Consider the code $C=\{0000, 0010, 0020, abcd, 2110, 2100, 1220, 2120, 1210\}\subset F^{4}_3$
To determine $abcd\in F^{4}_3$ for $C$ to be linear is to say that $abcd$ is a linear combination of a base of $C$
considering the vectors $0010 , 1220$ a base of $C$ and two constant $\alpha,\beta\in F_3=\{0,1,2\}$ so we have $abcd=\alpha\times 0010+\beta\times 1220\Rightarrow \begin{cases} a=\beta\\ b=2\beta\\ c=\alpha+2\beta\\d=0 \end{cases}$
If $\alpha=\beta=0$ we have a word $0000$
If $\alpha=0,\beta=1$ we have a word $1220$
If $\alpha=1, \beta=0$ we have a word $0010$
If $\alpha=0,\beta=2$ we have a word 2110$
If $\alpha=2,\beta=0$ we have a word $0020$
If $\alpha=1,\beta=2$ we have a word $2120$
If $\alpha=2,\beta=1$ we have a word $1210$
If $\alpha=1,\beta=1$ we have a word $1200$ If $\alpha=2,\beta=2$ we have a word $2100$
as $1200$ is the only word that is not in the code, then $abcd = 1200$
AM I RIGHT?
To make a code with nine words you need exactly two vectors.
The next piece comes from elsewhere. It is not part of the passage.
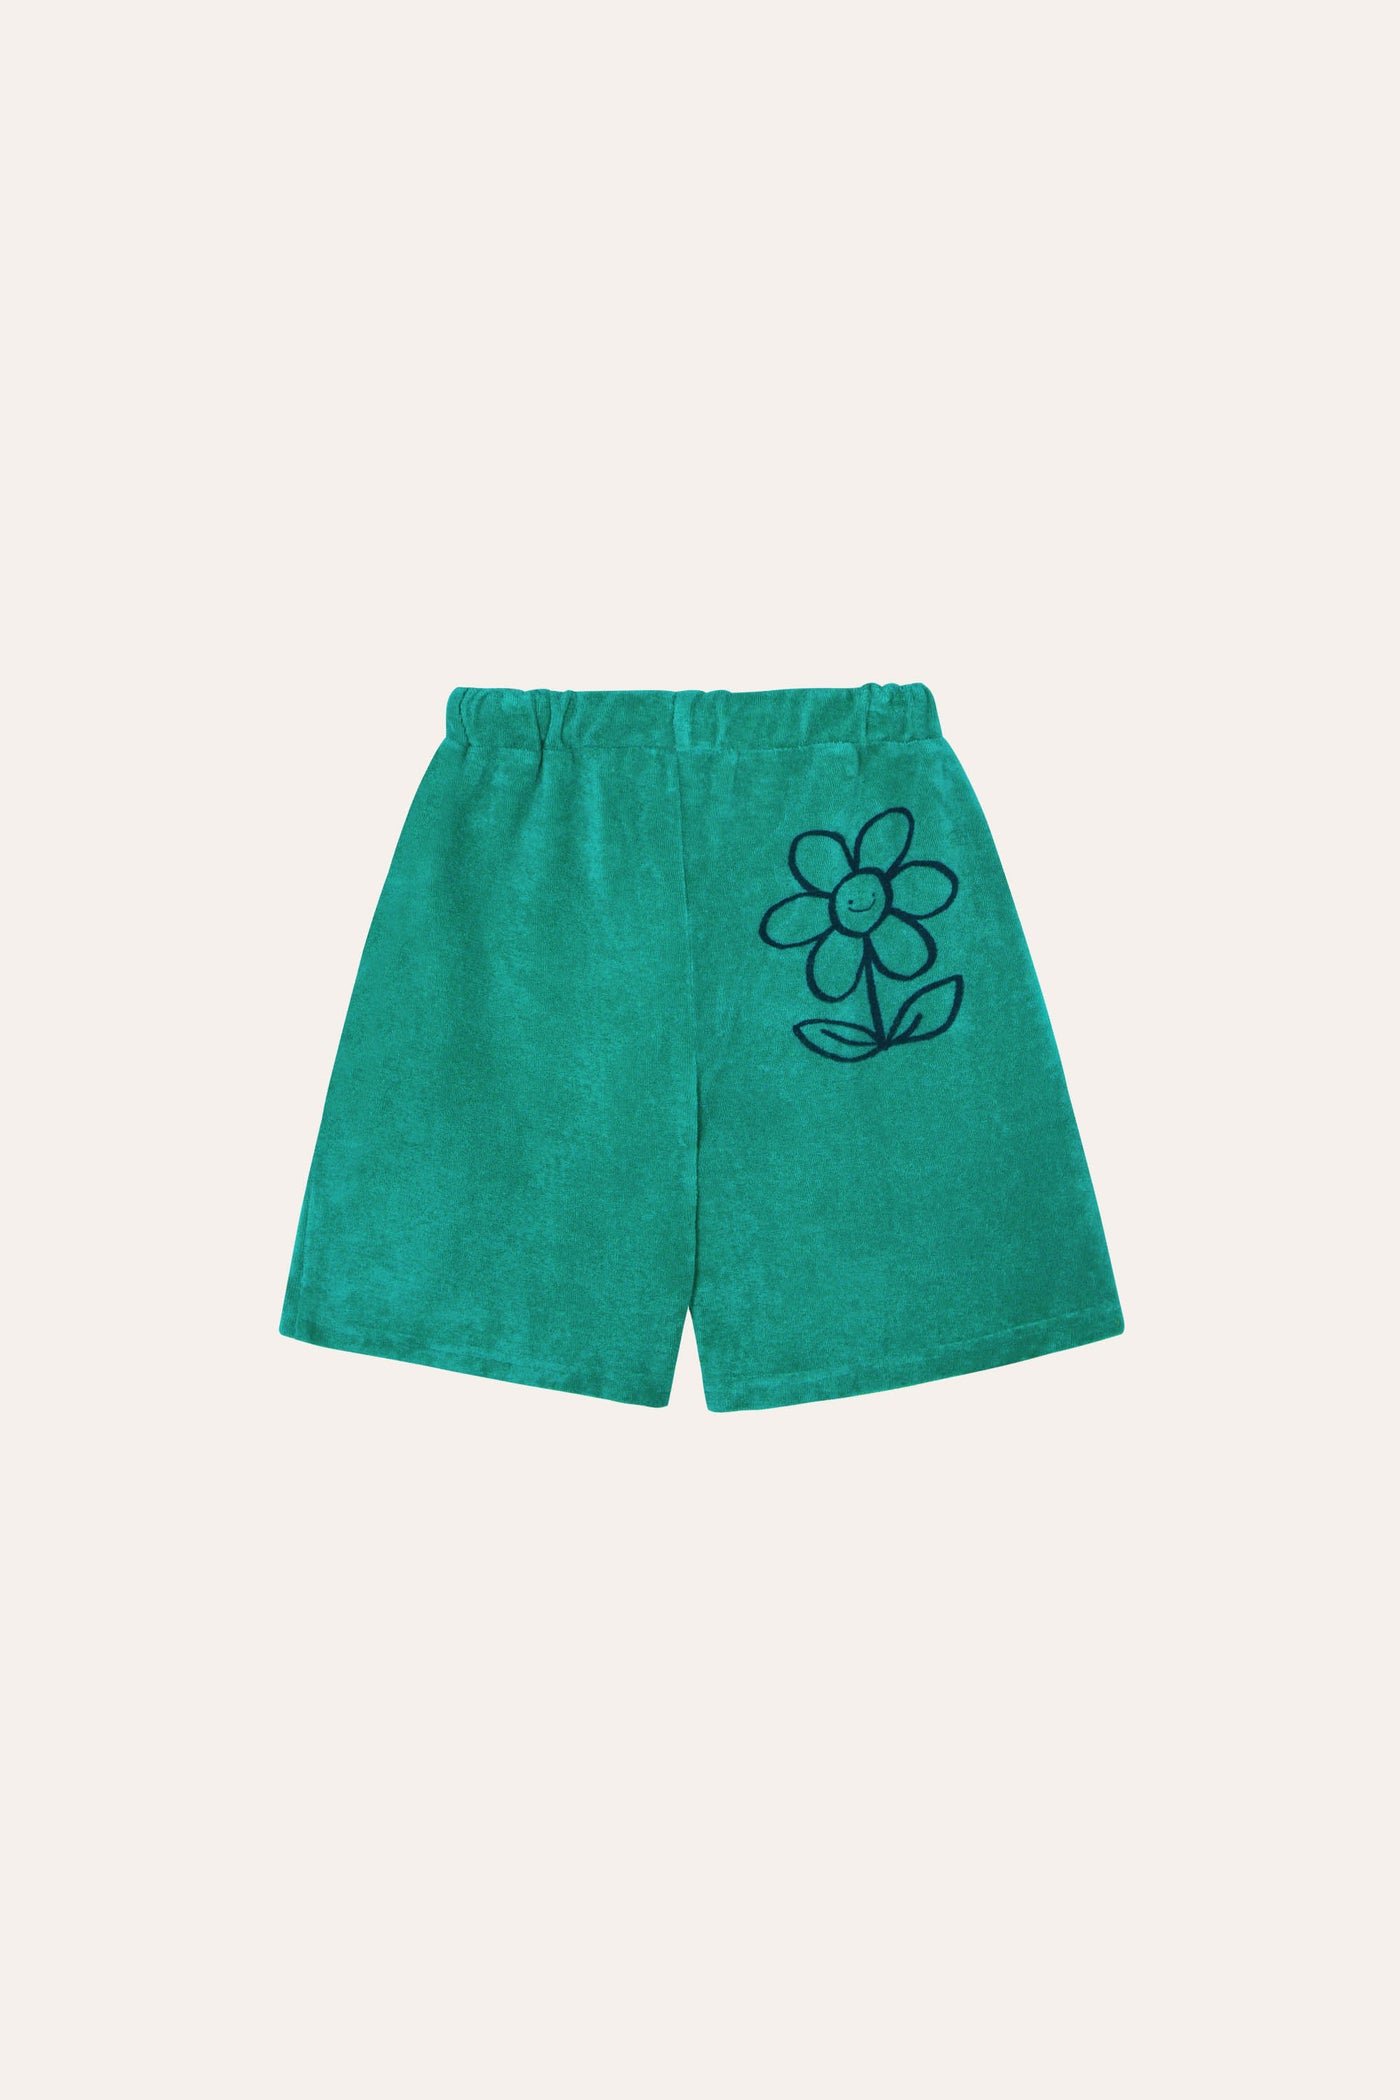 The campamento shorts verdes toalla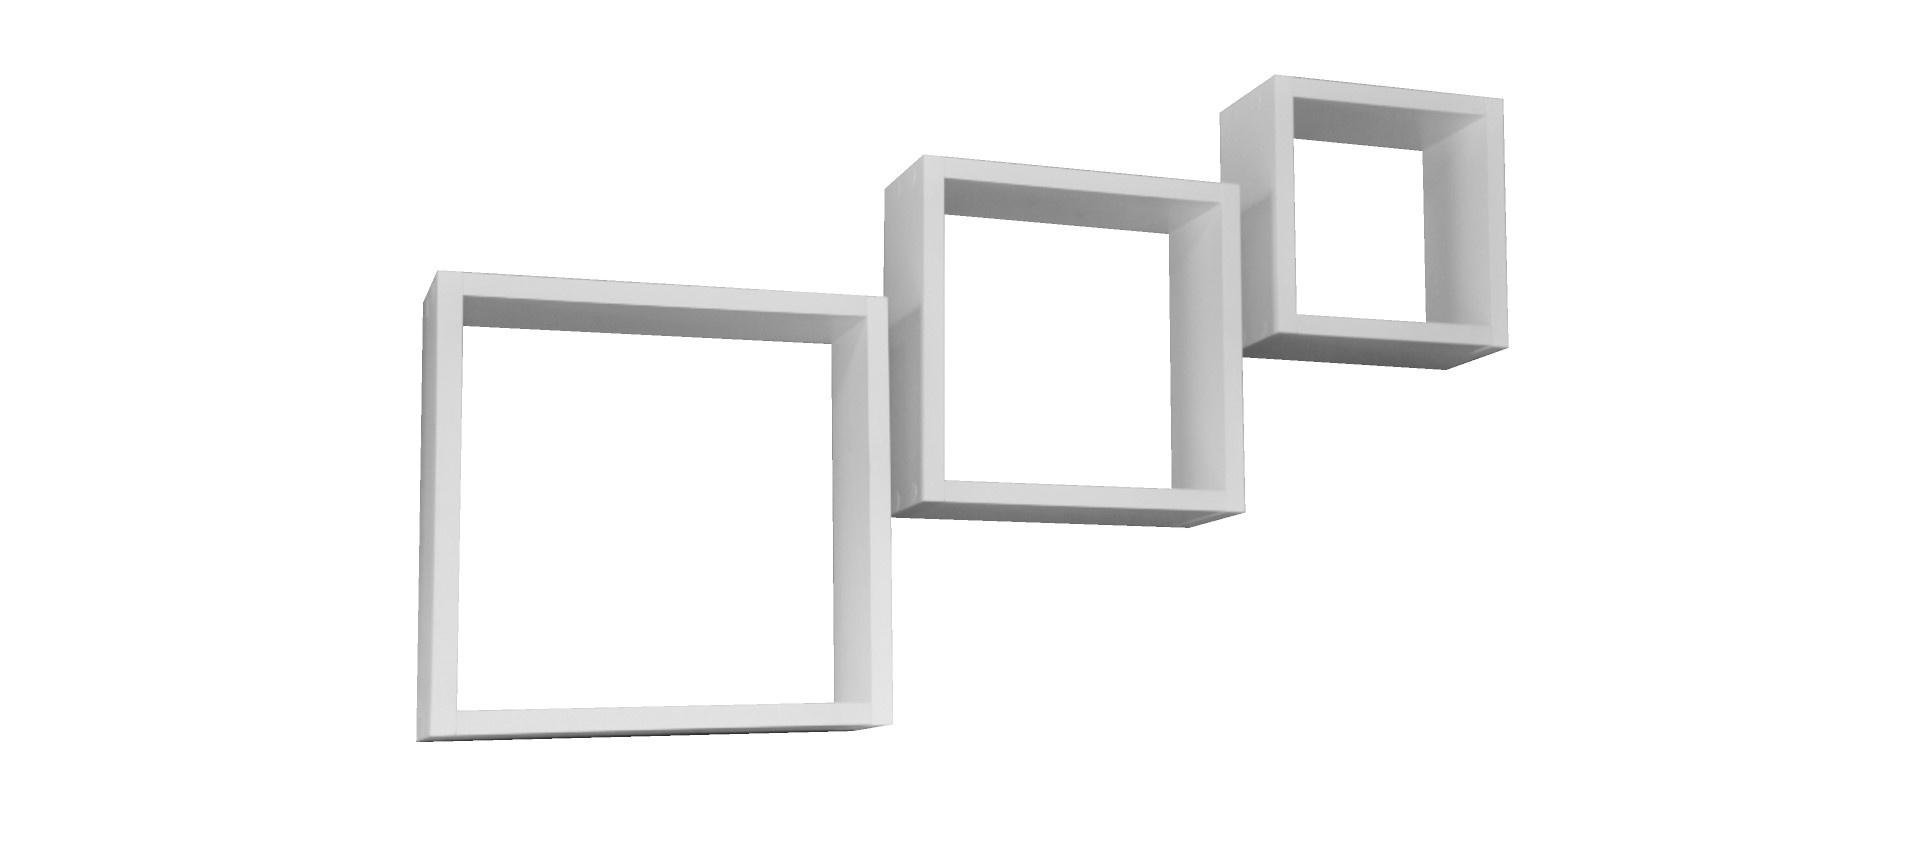 Kit 3 Nichos Decorativos Quadrados em Três Tamanhos P M G:branco

Pick any two linearly independent vectors and you immediately generate all nine code words. For example $0010$ and $2100$. I picked these due to the number of zeroes. The nonzero elements are in different spots, so $$a \times 0010 + b \times 2100 = (2b )ba0.$$ This gives us all words with 0 in the last spot, where the first is twice the second. Our list becomes $\{0000,0010,0020,2100,2110,2120,1200,1210,1220 \}.$ Just see which one is missing from the original list and you'll have the answer.